Ok, so I’m revealing my age again as I have been reciting this song by the Bee Gees a lot lately.  I realize the lyrics may not be entirely inclusive, but the song was written in a much earlier time before we became aware, considerate and sensitive of the need for inclusivity.

Below is s a link to this song which reflects the age old questions about life.

As I reflected on the world in which we live, on the conversations I’ve had in recent days with people struggling with life, I heard the stress and anxiety.  As I spoke with our personnel in Nicaragua and heard the “why again” questions of our Nicaraguan brothers and sisters, I felt and heard the deep sadness and fear echoed time and time again.  Each of their voices changed to a more hopeful tone, when I said I was calling on behalf of all us who support the Mission of Hope.  There is no easy way around loss, pain, fear, grief.  Sadly but truly, we have to walk through those dark moments, but a broken heart HURTS!  We all know how it feels.  Losing a loved one through death, or even keeping vigil with a loved one who is slowly dying from Parkinsons, ALS, dimensia or alzheimers, struggling with a broken relationship, living in fear of one’s life, feeling helpless as we watch children be victimized by war, poverty, separation or abuse, watching a child or loved one unable to escape the snares of addiction, are just some examples of the painful aspects of the human condition.

We truly feel we can’t breathe from the pain that is so intense that the only appropriate response is a primal cry of anguish.  Sometimes, we feel like our heart has truly been broken open and shattered into a thousand pieces.  Sometimes we busy ourselves so as to avoid dealing with the new reality.  A friend recently sent me a quote from Rumi….”You have to keep breaking your heart until it opens”.  I confess that my original reaction to this quote is ENOUGH…I don’t want my heart broken open any more.

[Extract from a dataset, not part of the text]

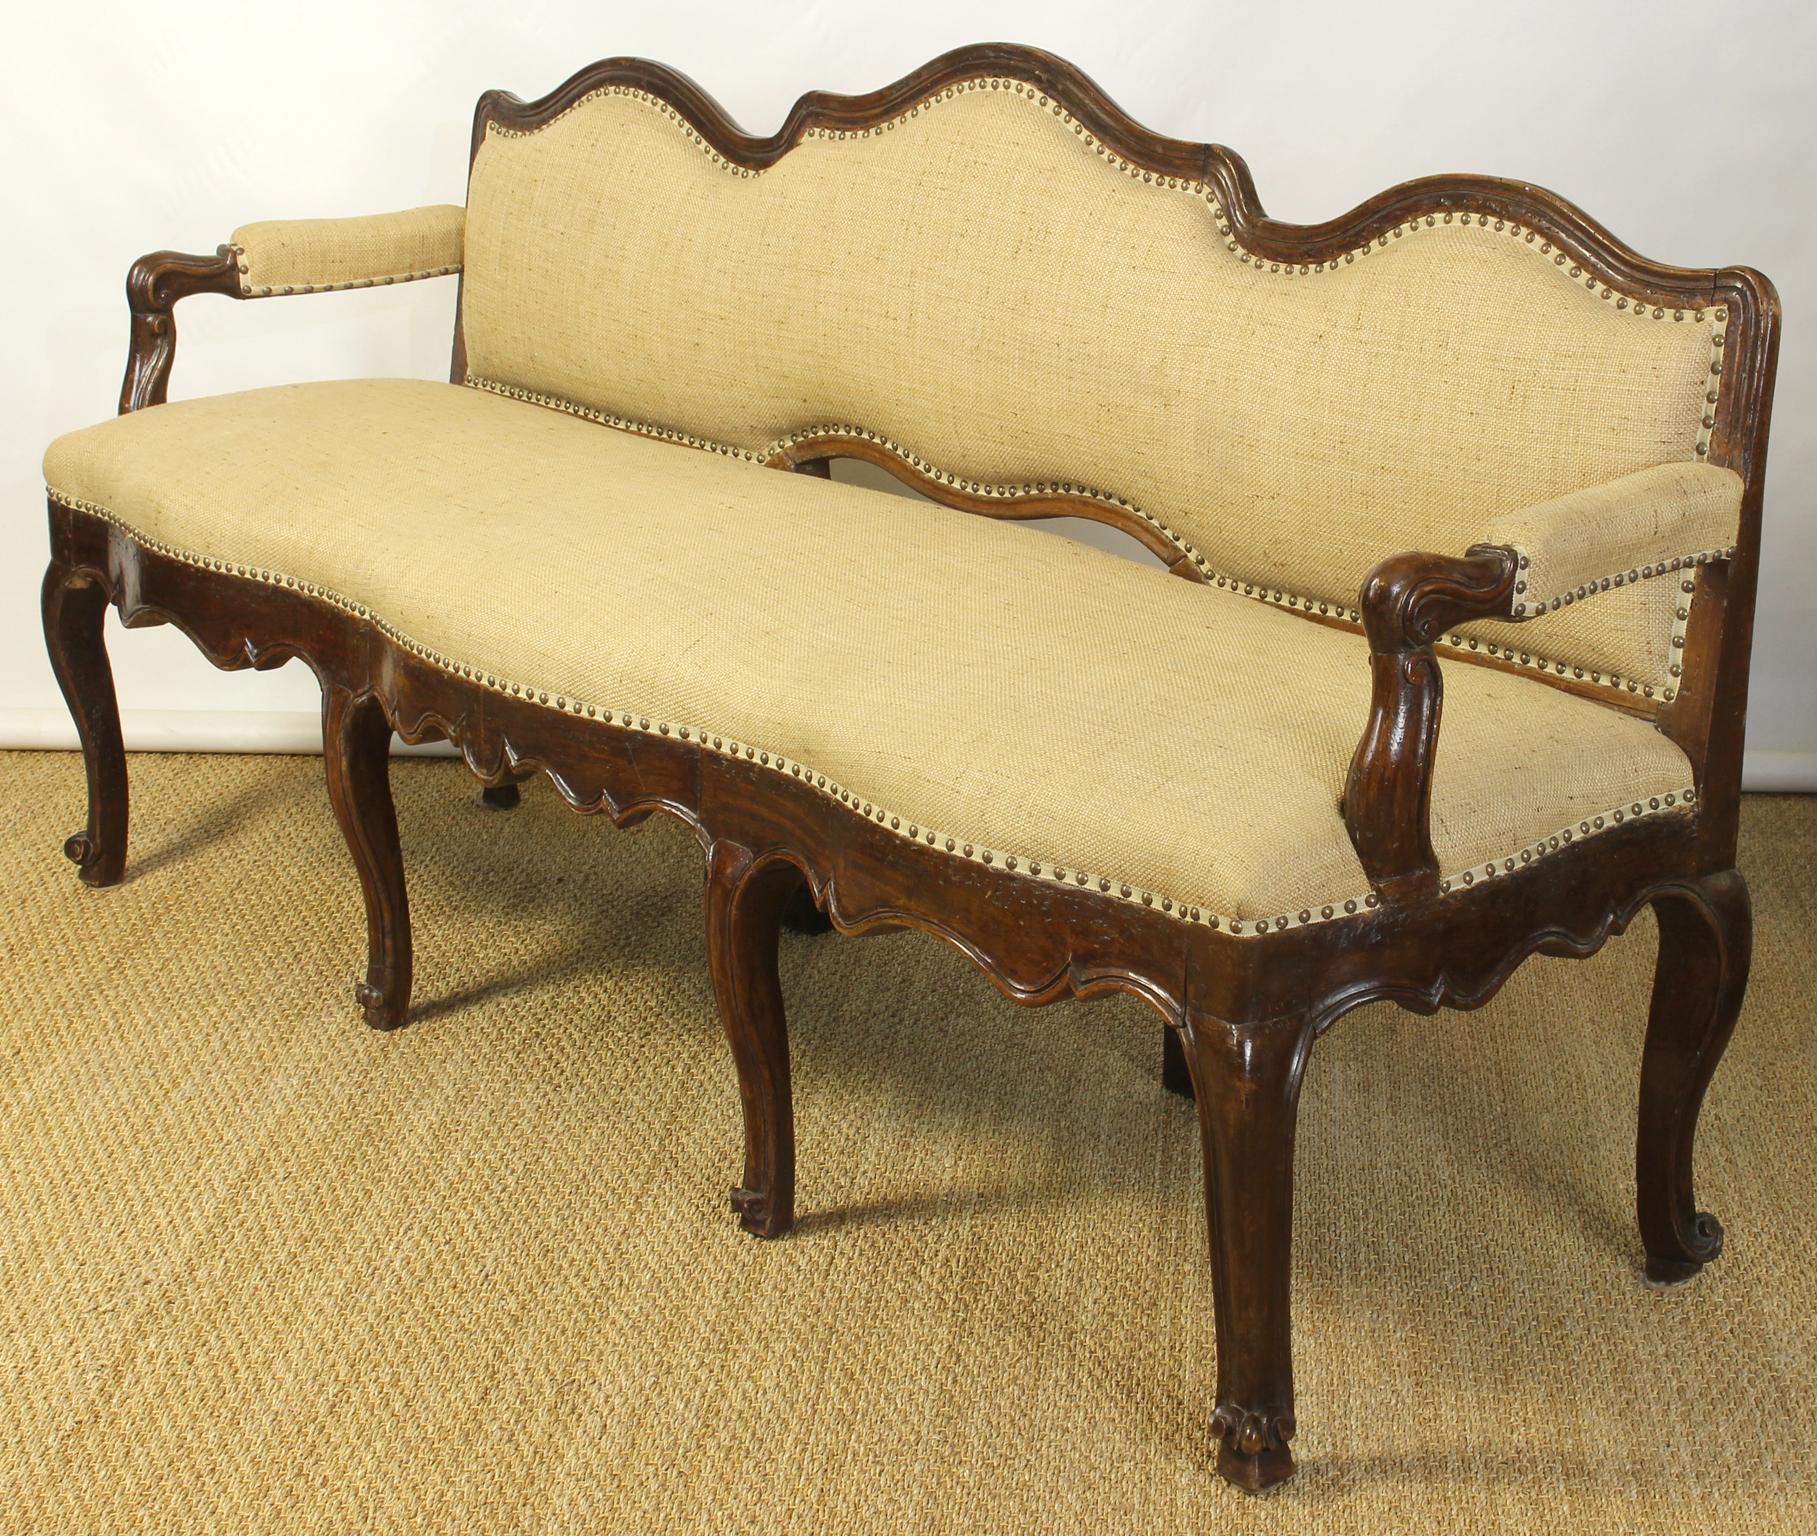 An exceptional and beautifully proportioned late 18th century. Italian carved walnut bench recently upholstered in a natural linen burlap fabric accented with brass nail heads.

We also know that each person has to walk that journey of grief and loss at their own pace and in their own way.  I don’t have any great answers, but I want to believe that at some point, we come out on the other side.  I liken this to an experience I had in Nicaragua several years ago, when I was with one of our local women, walking from home to home, from shelter to shelter, from sticks and plastic bag homes to one room shacks- ALL IN THE DARK OF NIGHT!  I found myself stumbling, reaching out and fearing that I would fall and never stop falling.  I eventually turned to this woman and asked her, “How do you see in the dark?”  It wasn’t meant to be some sort of spiritual question, it was really more a question of practicality and reality.  But it was her answer that stopped me right in my tracks…because she whispered in my ear, “You must learn to see God in the darkness”.

Perhaps the Bee Gees song, perhaps the burning questions of loss, grief, the imperfection of the human condition, is a summation of that statement:  “How can you mend a broken heart, how can you stop the sun from shining”………….how do you learn to see God in the darkness?

Just last weekend, I was having this conversation with one of my dear friends, i.e., and she asked me, “How do you not lose hope?  I told her that much of the time, I focus on the faces of the children…on the faces of those in need.  It is what keeps me from filling up with helplessness and hopelessness and becoming paralyzed with inaction.  As long as there is life, there is hope.

These days as I hear the anxiety and concern in the voices of our friends in Nica, as I watch the daily news, as I worry about family and friends, I try to remind myself that God has promised each of us “a future full of hope” (Jeremiah)- and I repeat and repeat and repeat that mantra.  That may be one way to see God in the darkness.  Thomas Merton once said, “Speak words of hope.  Be human in this most inhuman of ages”.  And in response to my friend last weekend, I told her that I don’t have any great answers but I do strive to be hope, speak hope, live hope.  Perhaps therein lies one of the answers to the Bee Gees’ song and to life!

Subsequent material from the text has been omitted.